The 1960s proved to be the most successful decade for the Impressions.   During those years they recorded 14 Top Ten songs including “Gypsy Woman” in 1961, which reached #2 on the Billboard R&B charts.  “Gypsy Woman” was followed by a series of songs that were inspired by the civil rights movement and later the Black Power era.
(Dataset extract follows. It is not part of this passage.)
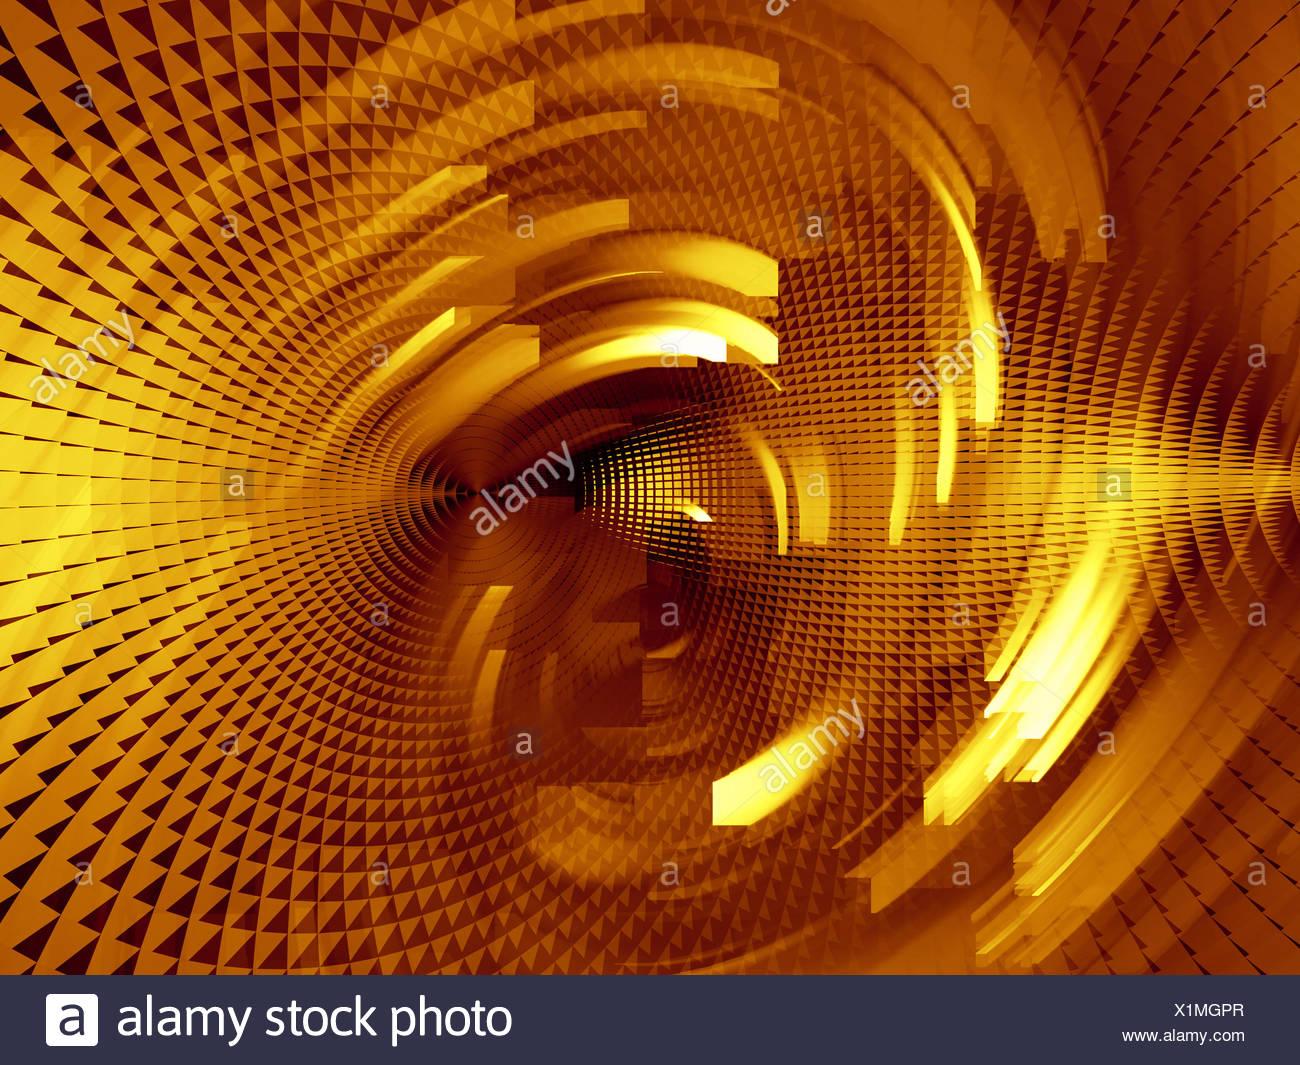 Arrangement Colour Space Golden Screen Paint Abstract
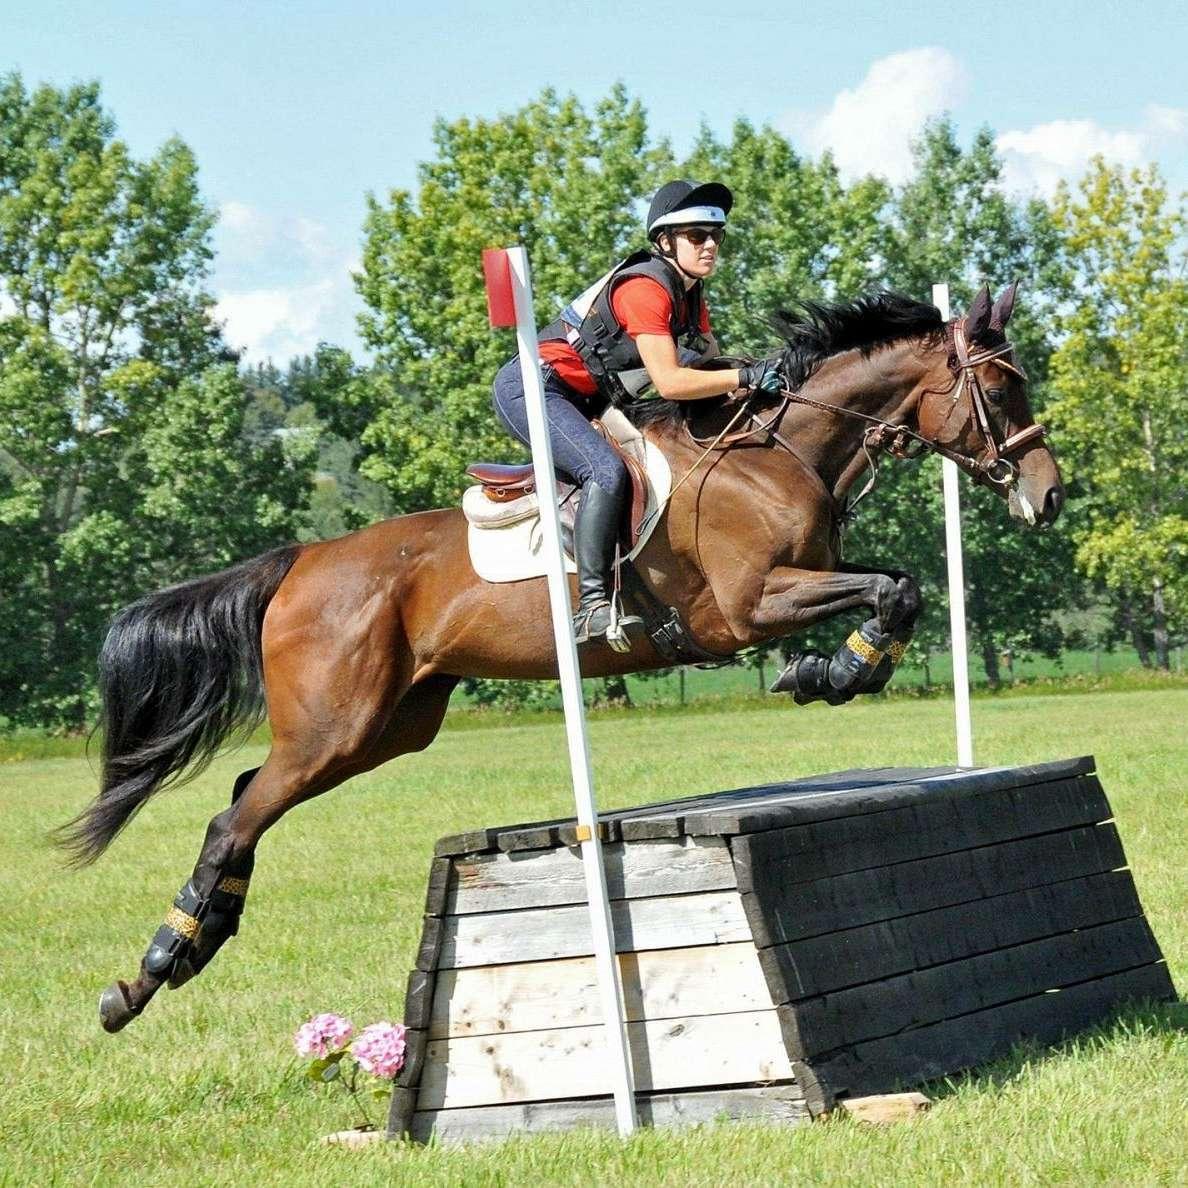 RockStar Perfromance Horses

They included “It’s All Right” in 1963,  “Keep on Pushing” in 1964, “People Get Ready” in 1965, and “We’re a Winner” in 1968.  Besides achieving recording success during this period, Curtis Mayfield and the Impressions became the leading artists identified with black music that featured “social commentary.”

In 1968 Mayfield became one of the first African American artists to own a recording studio and production company.  Both were located in Chicago.  Mayfield also formed Curtom Records in 1970, an independent label that allowed him to write and produce hit records for artists such as Gladys Knight and the Pips, Aretha Franklin, and the Staples Singers.

In 1970, Mayfield left the Impressions to pursue a solo career in the newly developing funk music genre.  Although he would record the commercially successful albums Curtis in 1970 and Curtis/Live! in 1971, his soundtrack for the movie Superfly in 1971 gained him the most recognition.

Mayfield’s popularity began to decline by the mid-1970s although he continued to record and perform into the 1980s.  On August 13, 1990, while performing during an outdoor concert in Brooklyn, New York Curtis Mayfield was struck on the head by a falling light structure.  The blow paralyzed him from the neck down.  Although he no longer performed, he continued to dictate songs.   In 1996 he released a book of poetry and song lyrics titled “In Poem and Song.”

Curtis Mayfield has the distinction of being one of the few artists inducted into the Rock n’ Roll Hall of Fame twice, once with the Impressions in 1991, and again as a solo artist in 1999. On December 26, 1999 Curtis Lee Mayfield died in Atlanta, Georgia, leaving behind a wife, and ten children.